* Given data *
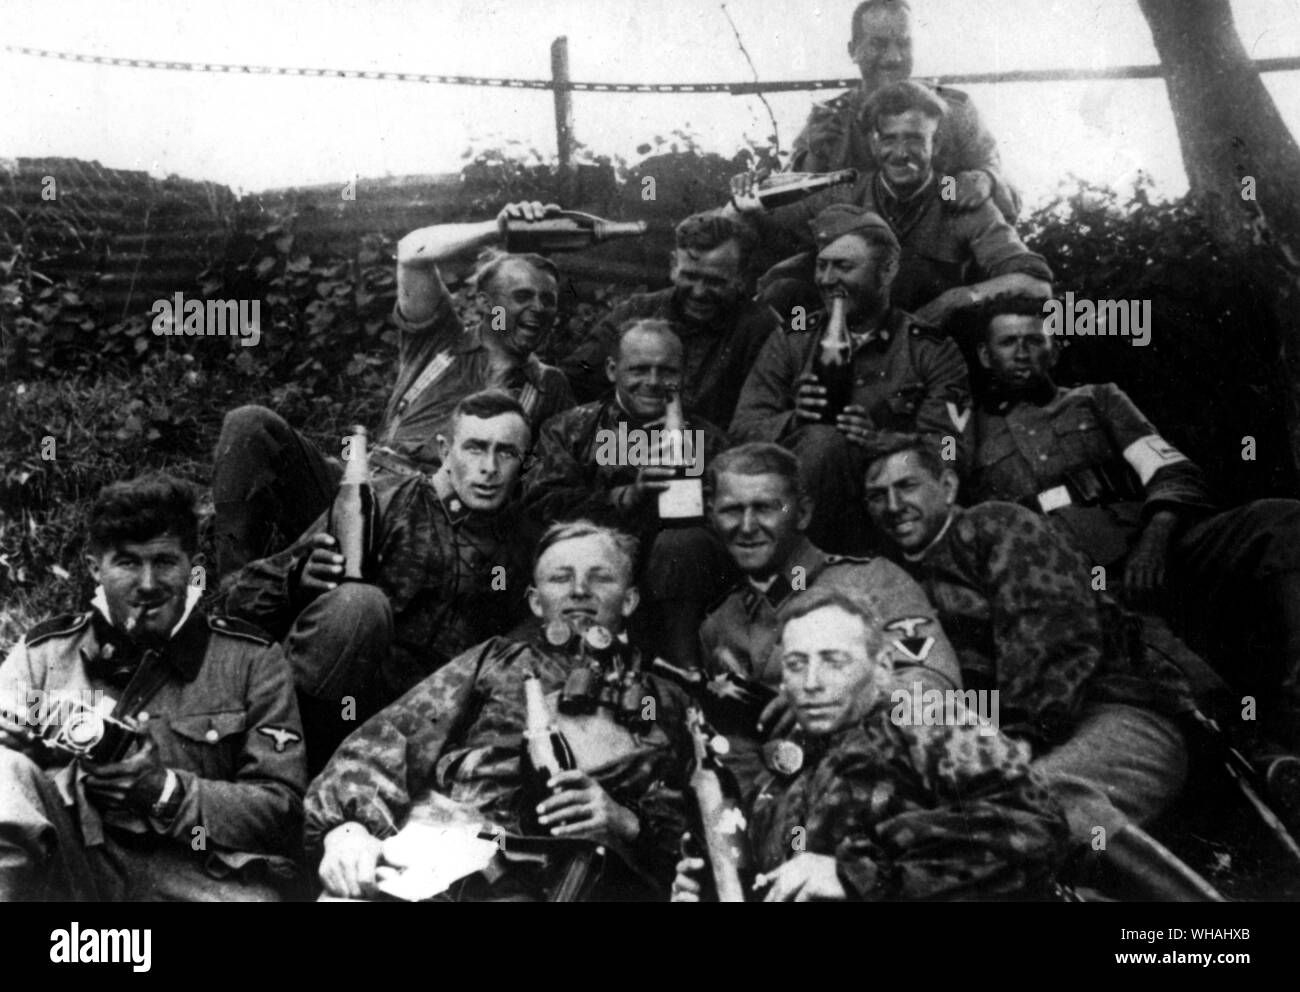 On the Russian battlefront; copy of snapshot found on body of Nazi soldier showing members of invading forces during early days of attack on USSR (in SS Album, boozy Germans waving bottles!) Stock Photo
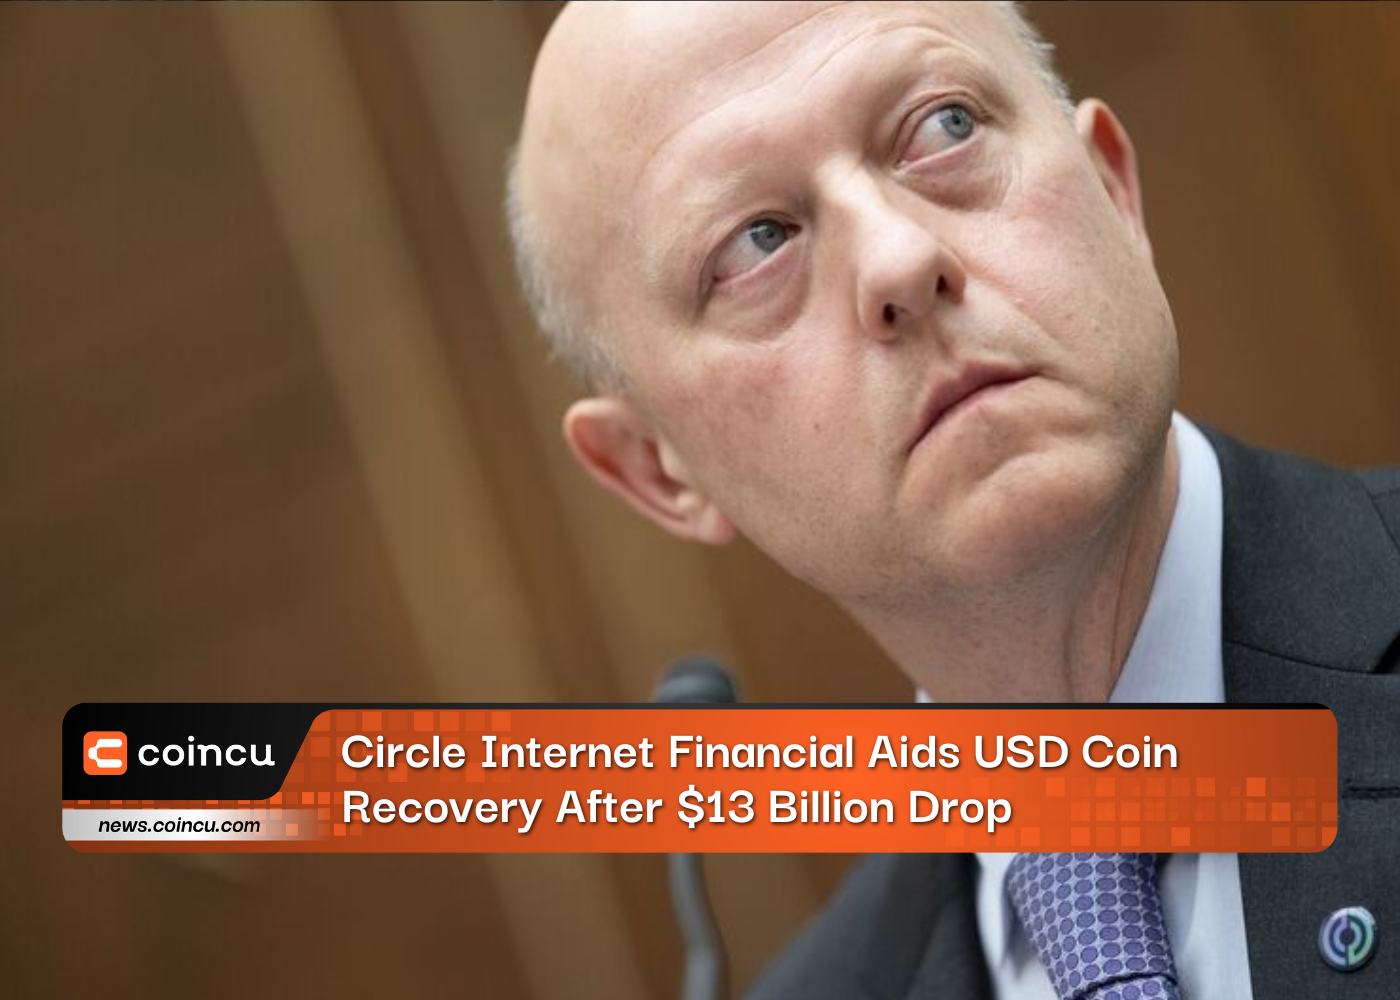 Circle Internet Financial Aids USD Coin Recovery After $13 Billion Drop
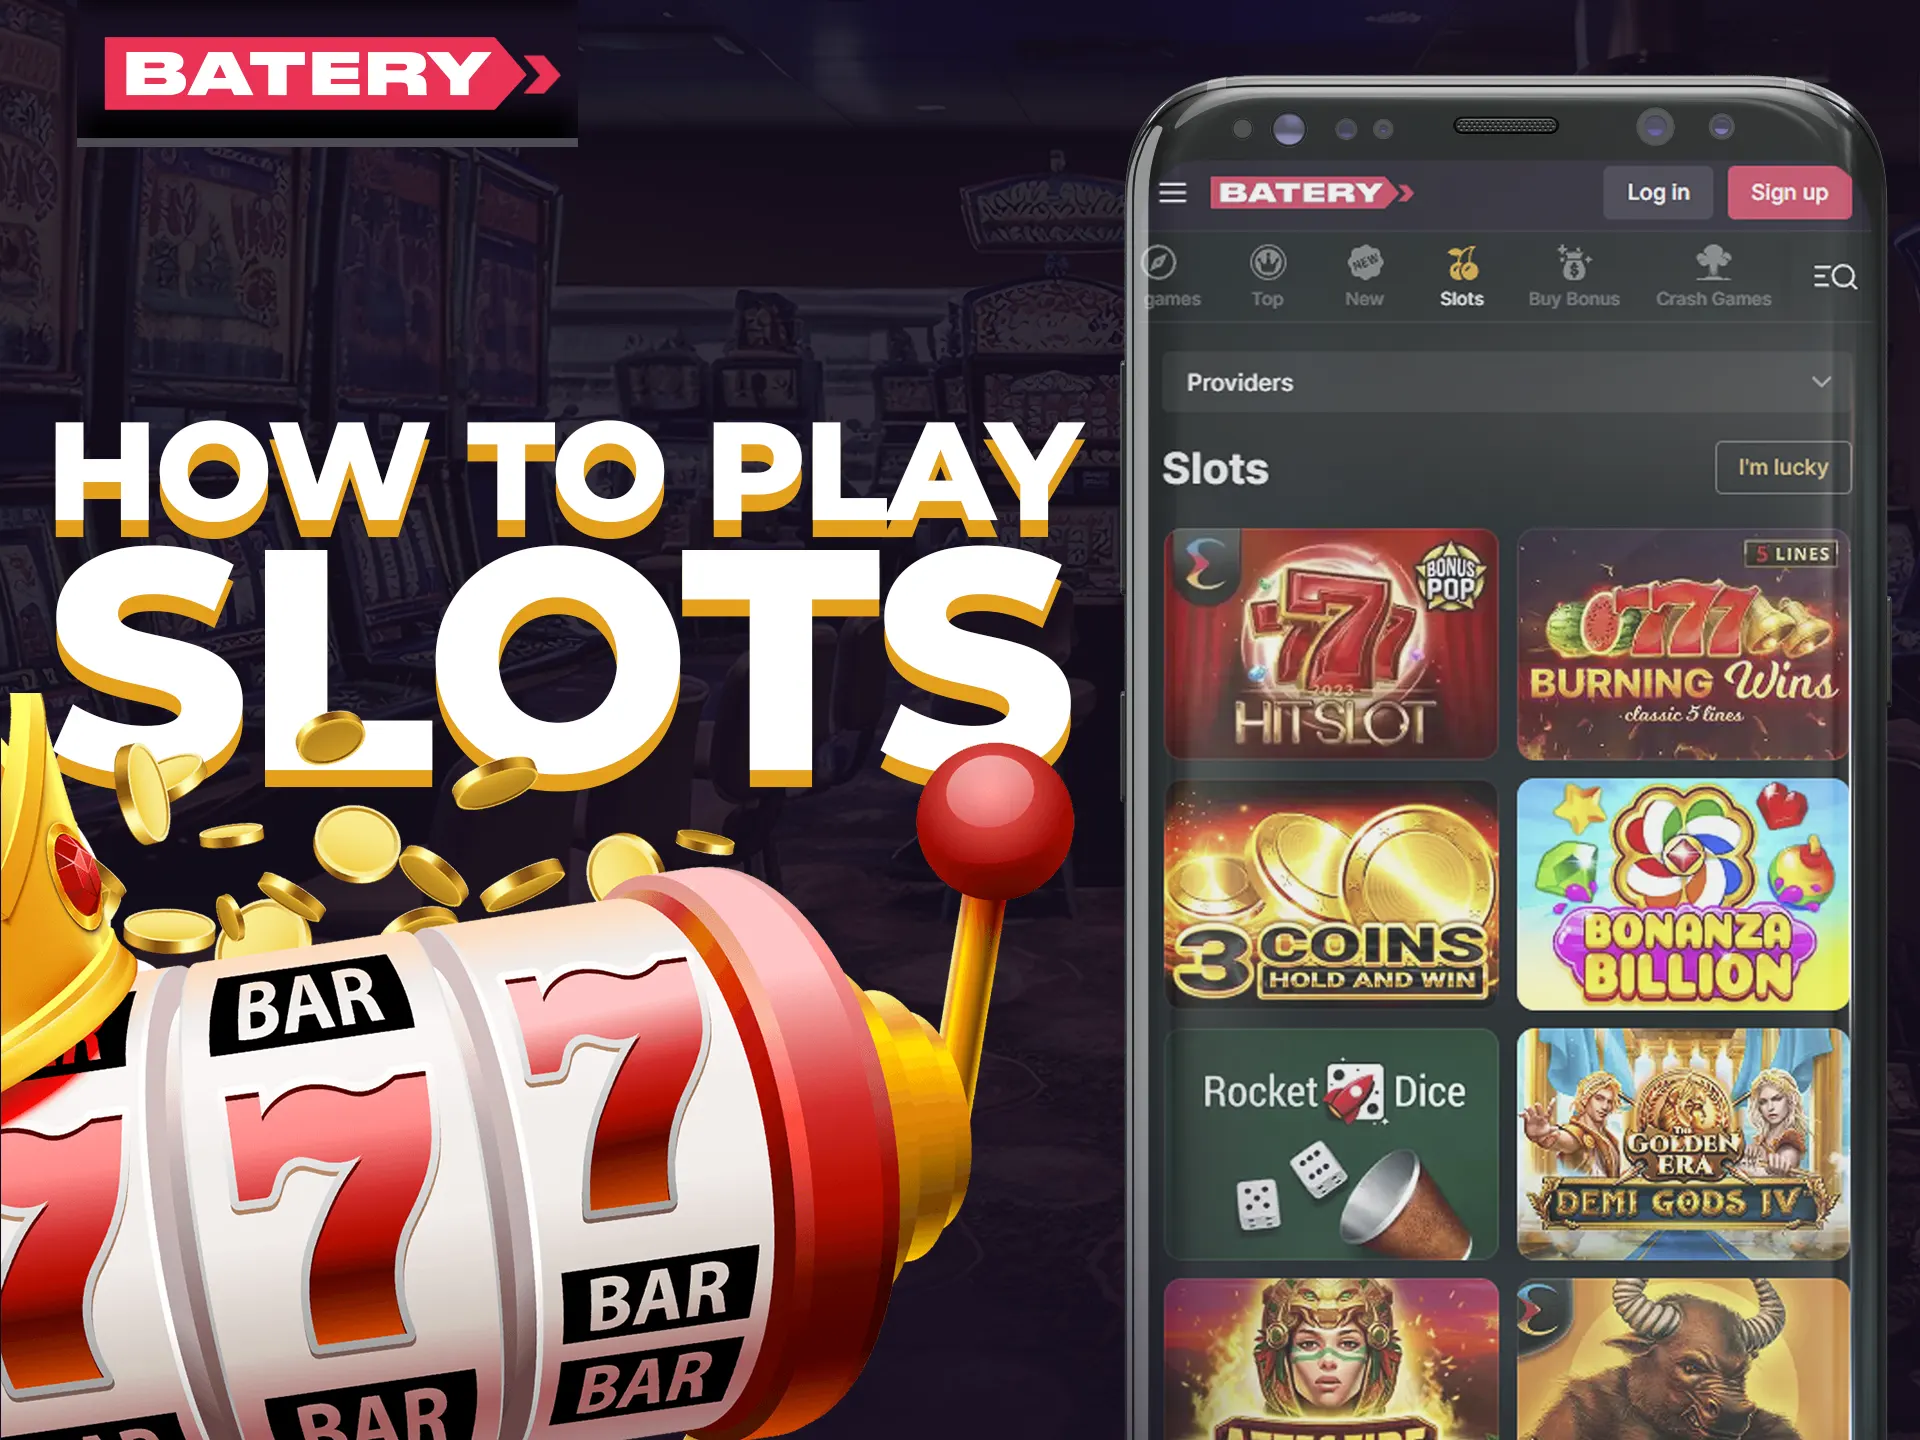 To start playing slots on Batery App you need to register, log in and choose a slot.
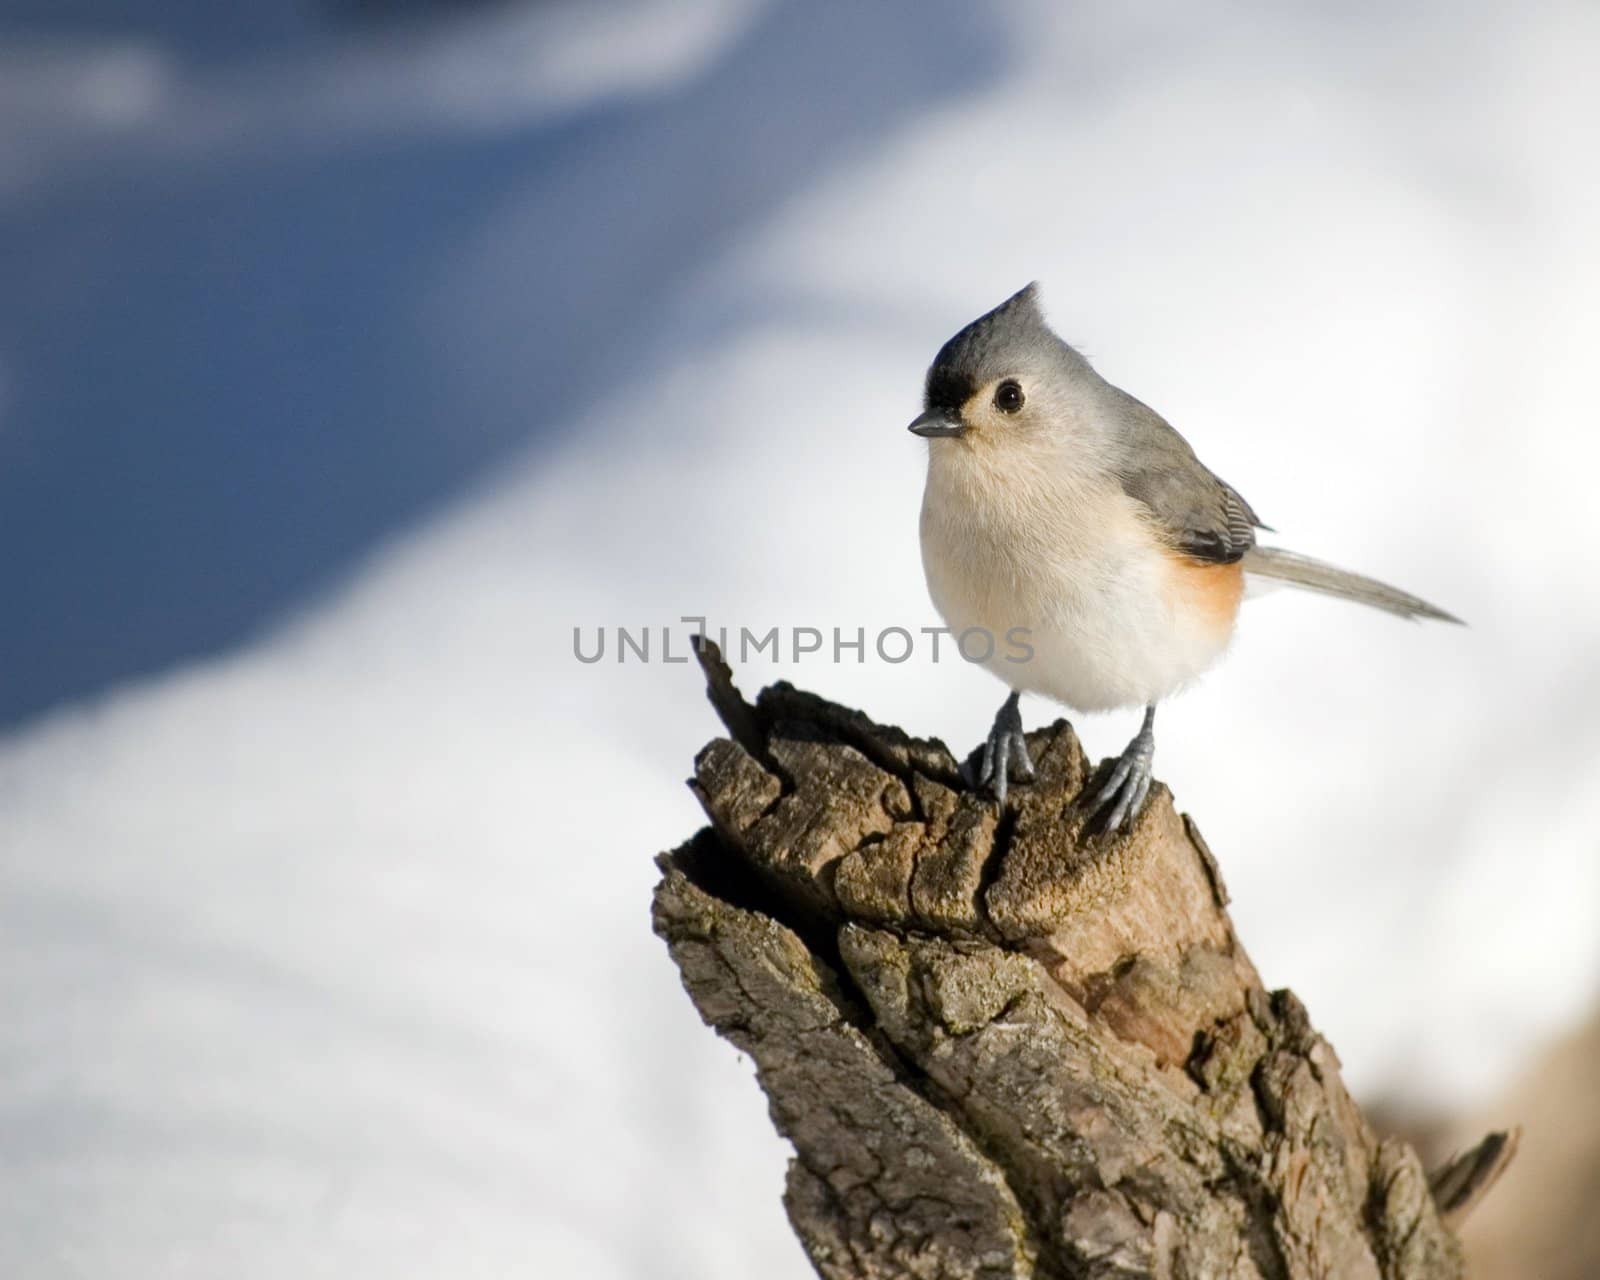 A tufted titmouse perched on a tree stump in the winter.

* Problem statement *
Nothing but the lines from the line with "Circle Internet Financial" through the last line of the data above should be printed, exactly as written and without pictures.

* Answer to this problem *
 Circle Internet Financial Aids USD Coin Recovery After $13 Billion Drop
 To start playing slots on Batery App you need to register, log in and choose a slot.
 A tufted titmouse perched on a tree stump in the winter.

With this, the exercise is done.